* _Dataset content_:
*** Begin section ***
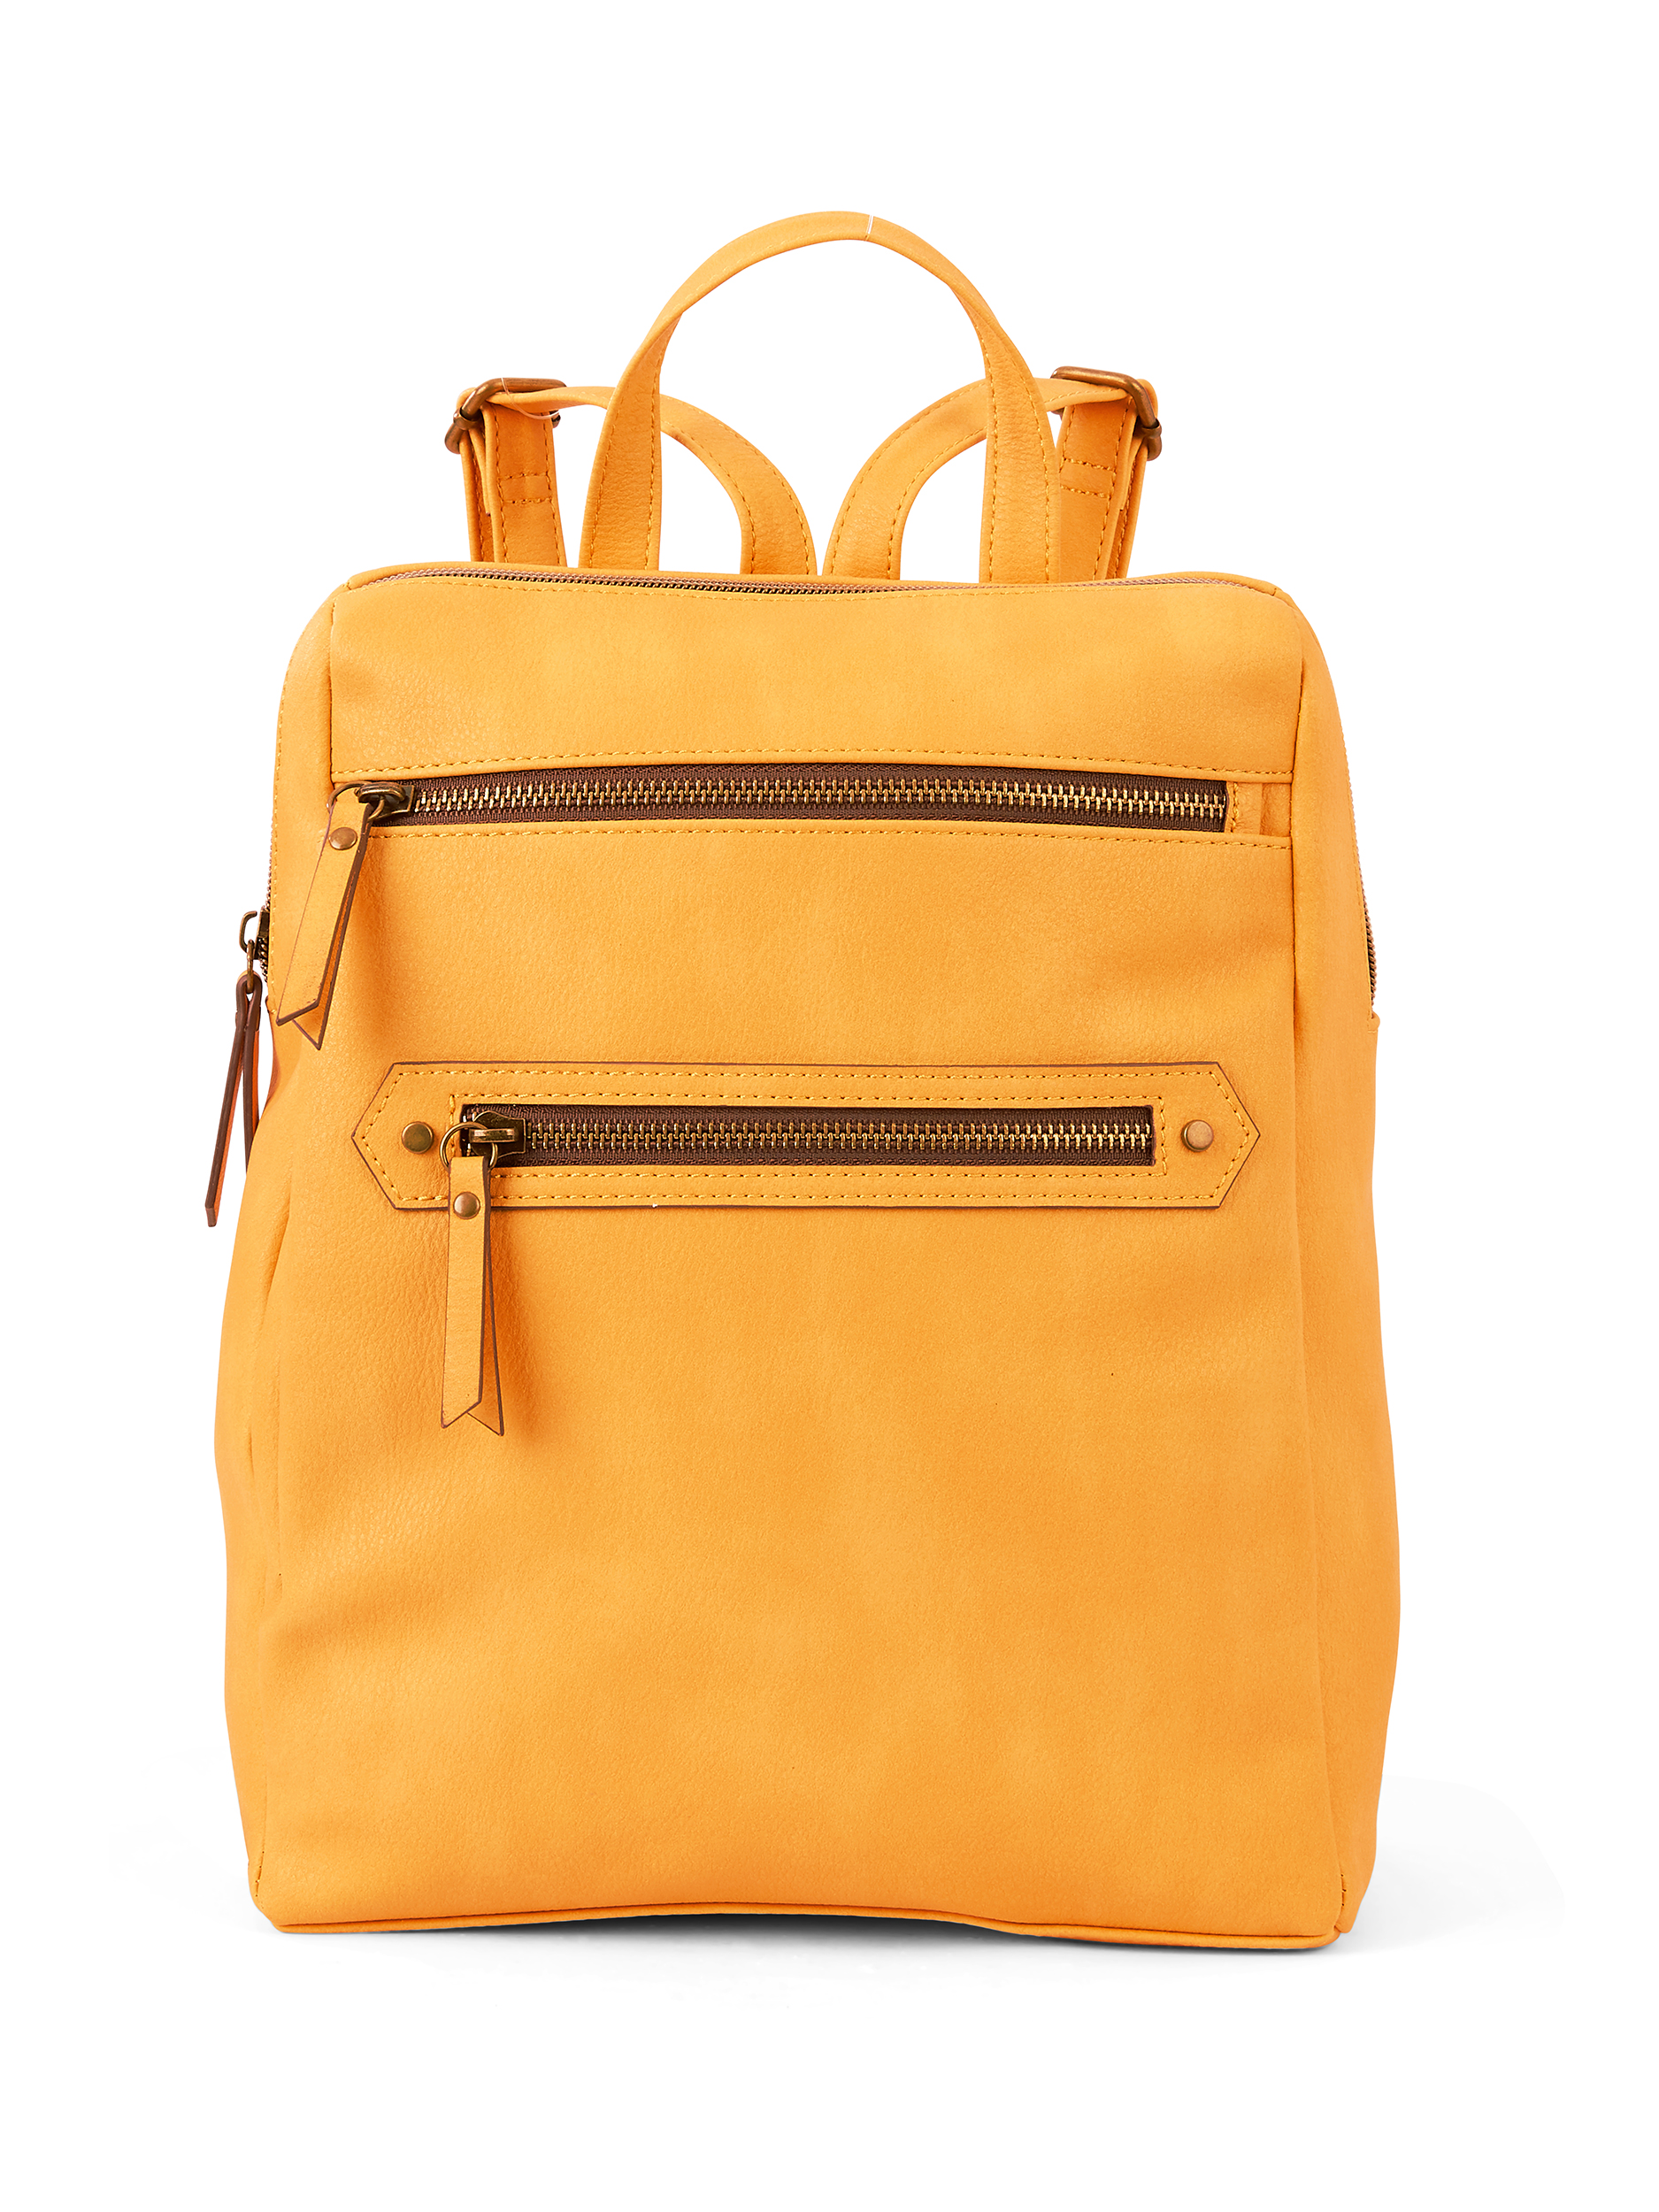 Time & Tru Cucamonga Backpack, Mustard - image 1 of 4
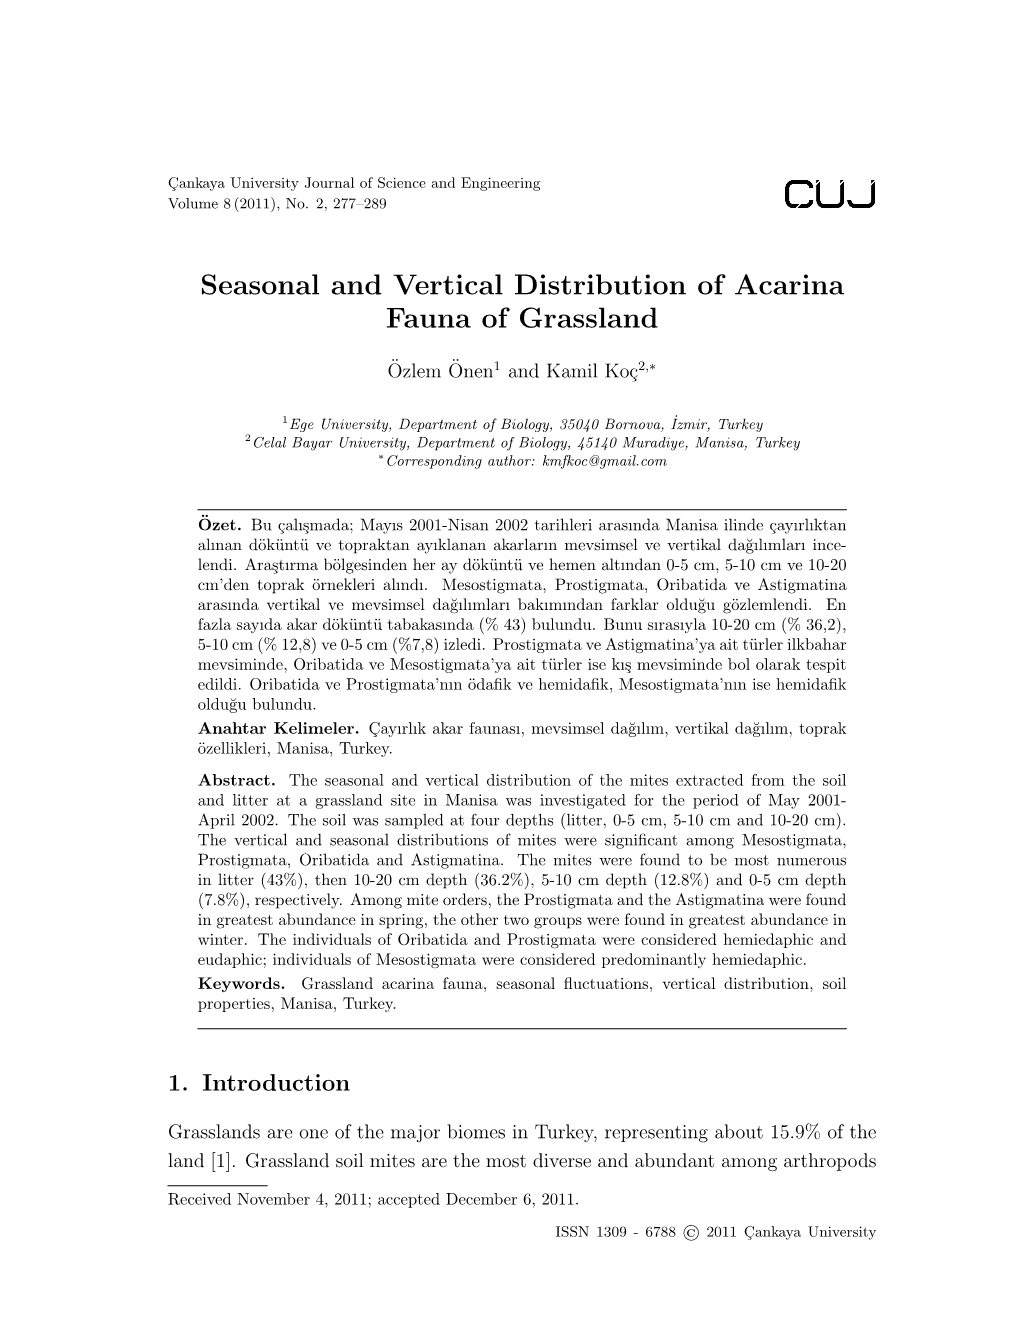 Seasonal and Vertical Distribution of Acarina Fauna of Grassland
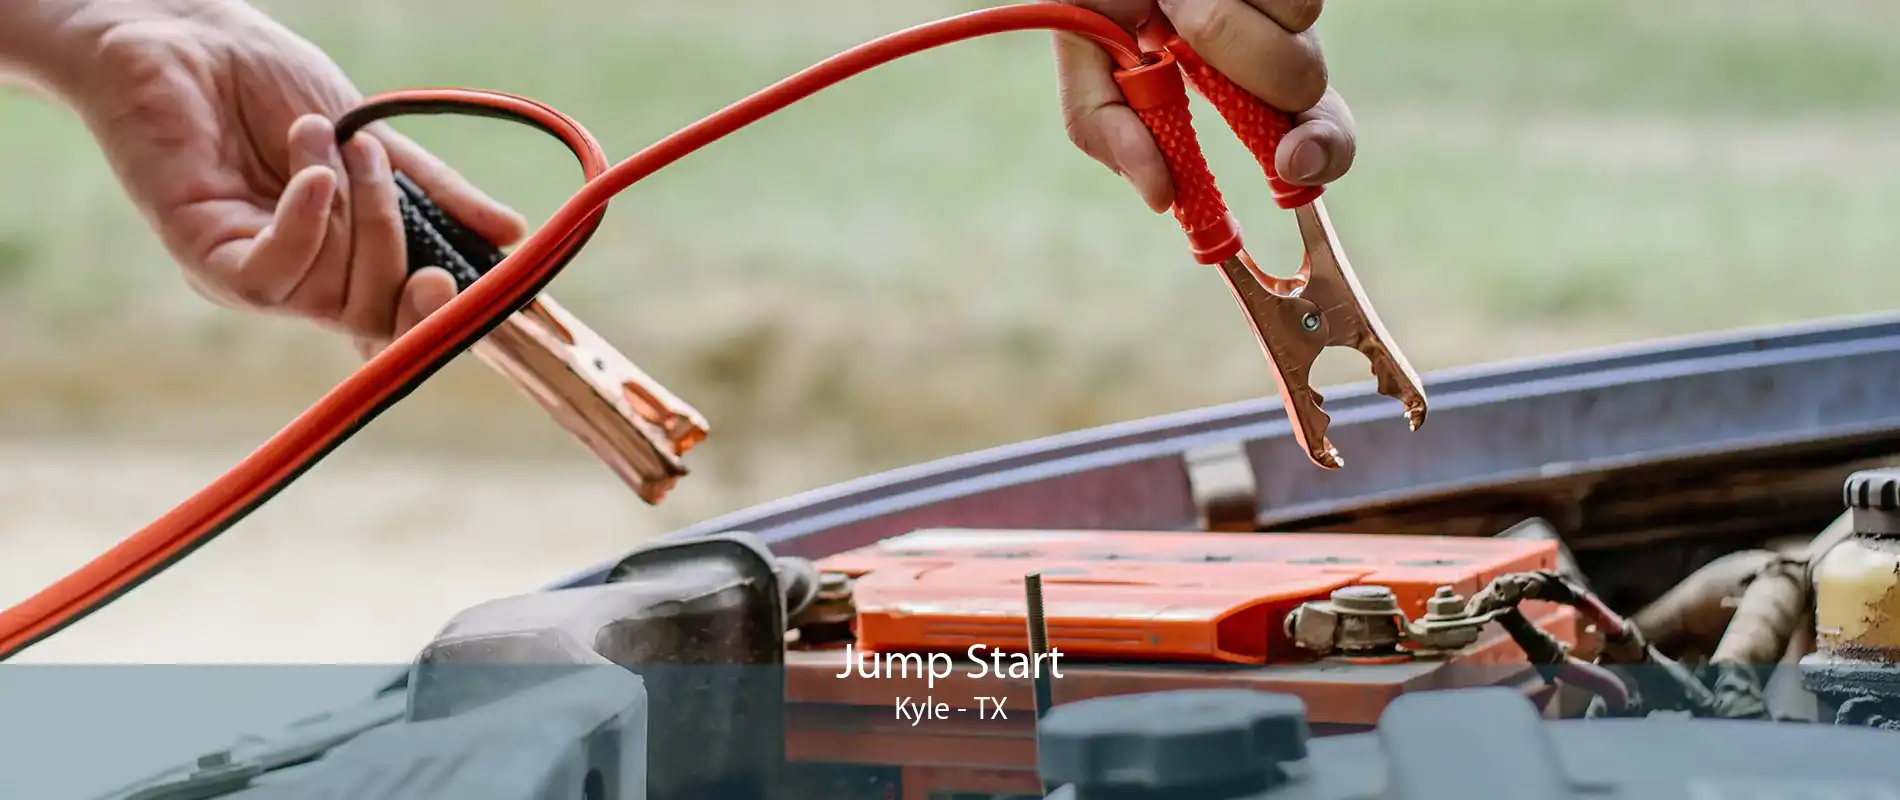 Jump Start Kyle - TX
*** End section ***
* _Problem description_:
Return the full material word for word. Do not include the pictures.

* _Output of the exercise_:
 Time & Tru Cucamonga Backpack, Mustard - image 1 of 4
 Seasonal and Vertical Distribution of Acarina Fauna of Grassland
 Jump Start Kyle - TX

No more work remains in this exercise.